Из рассказа Ахико Тецуро:

«В 1954 году меня амнистировали. Когда был суд, вызывали по 7-8 человек. Мою фамилию назвали первой, потому что начинается с буквы «А» - Ахико. Когда начальник прочитал мою фамилию, я от радости ничего не слышал. Все хлопали, говорили, что домой пойду, больше я ничего не понял, только потом услышал: «Иди домой»! А куда домой? Япония далеко. За ворота вышел в старой телогрейке, рваные брюки, босиком. Куда идти? Денег нет, документов тоже нет. Одна справка об освобождении.
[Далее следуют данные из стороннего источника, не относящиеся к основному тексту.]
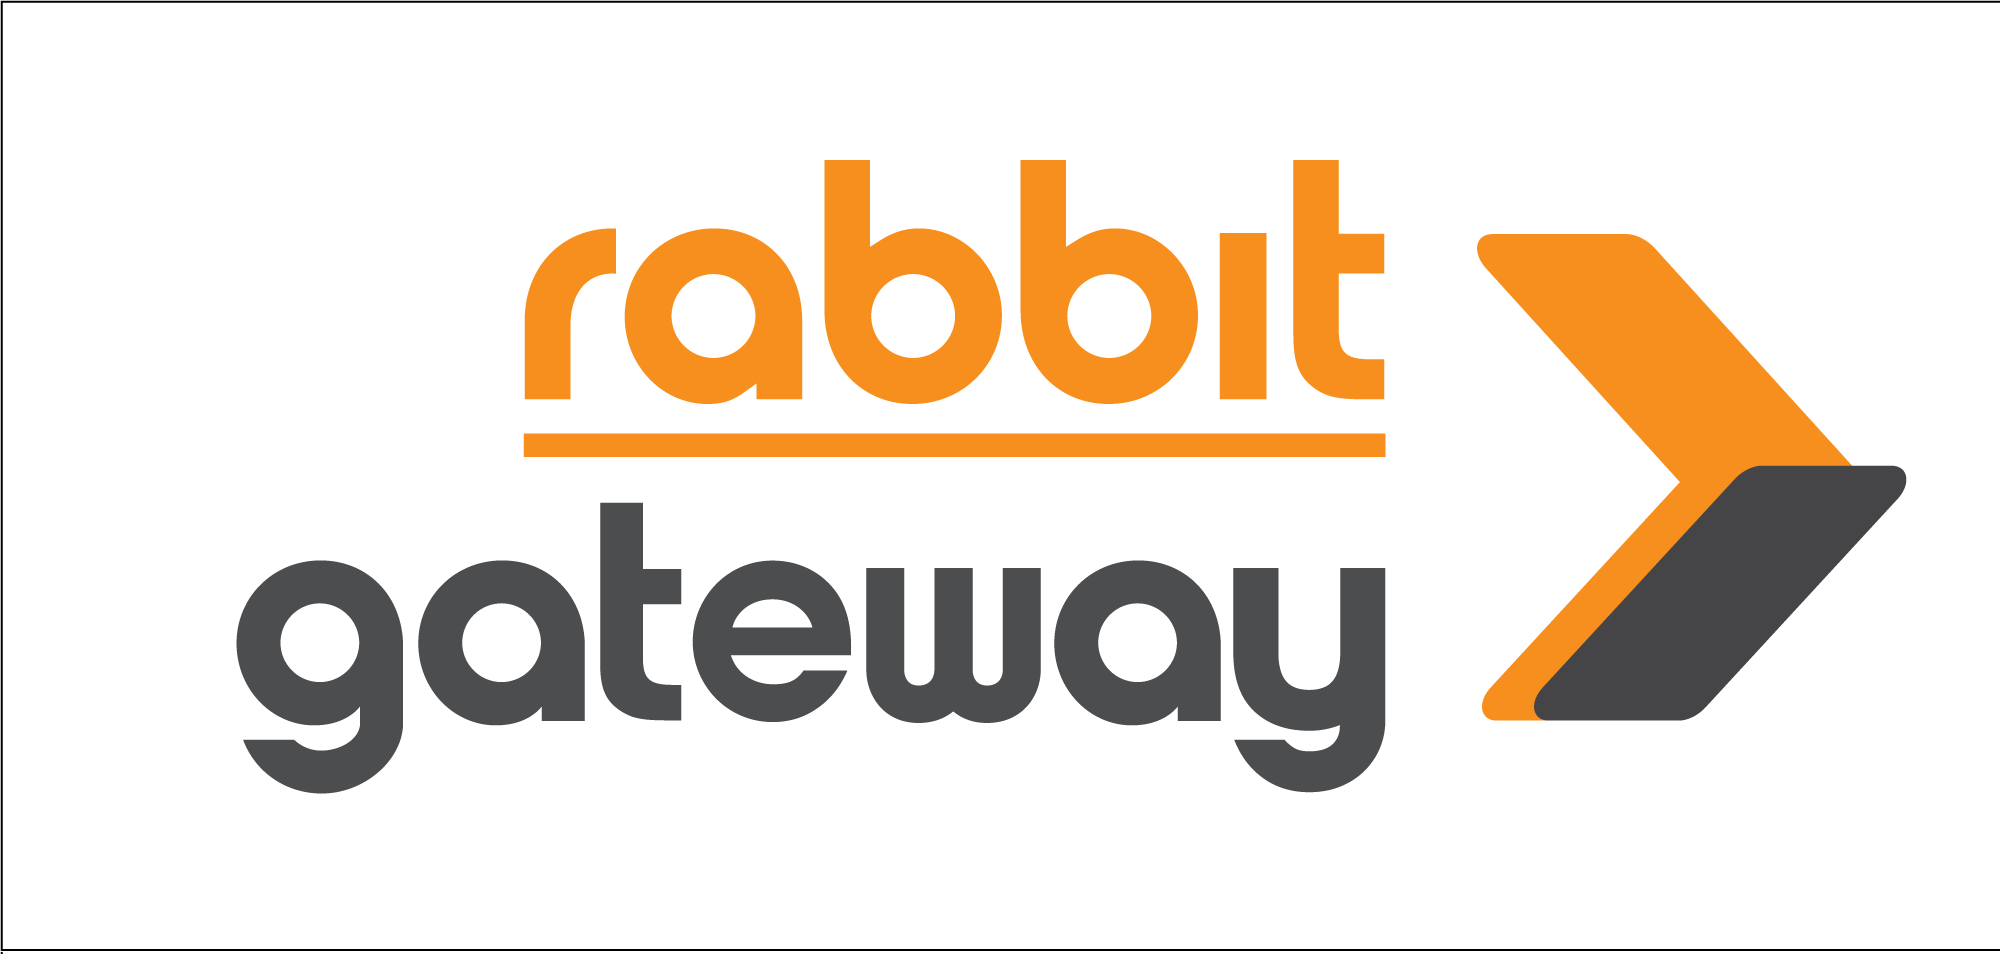 แรบบิท เปิดแผนปี 67 ส่งบริการใหม่ "Rabbit Gateway"รุกตลาด B2B ชูระบบการจัดการรับชำระเงินทางอิเล็กทรอนิกส์แบบครบวงจร

Пока тепло было, спал на улице. Кушал в шахтерской столовой то, что оставалось в тарелках. Хлеб брал с собой. Работники кухни добрые были – не прогоняли. Тяжело было: ни работы, ни денег. Кто я? Куда деваться? Так ходил я три месяца. Спал на улице, ел остатки в столовой. Шахтёры меня пожалели, устроили на работу в Саранское стройуправление разгружать цемент. Потом прораб Саранского управления взял меня рабочим на стройку. Вместе с другими строителями строил Тентек (Шахан), Актас. Дворец Культуры видели? Тоже я строил.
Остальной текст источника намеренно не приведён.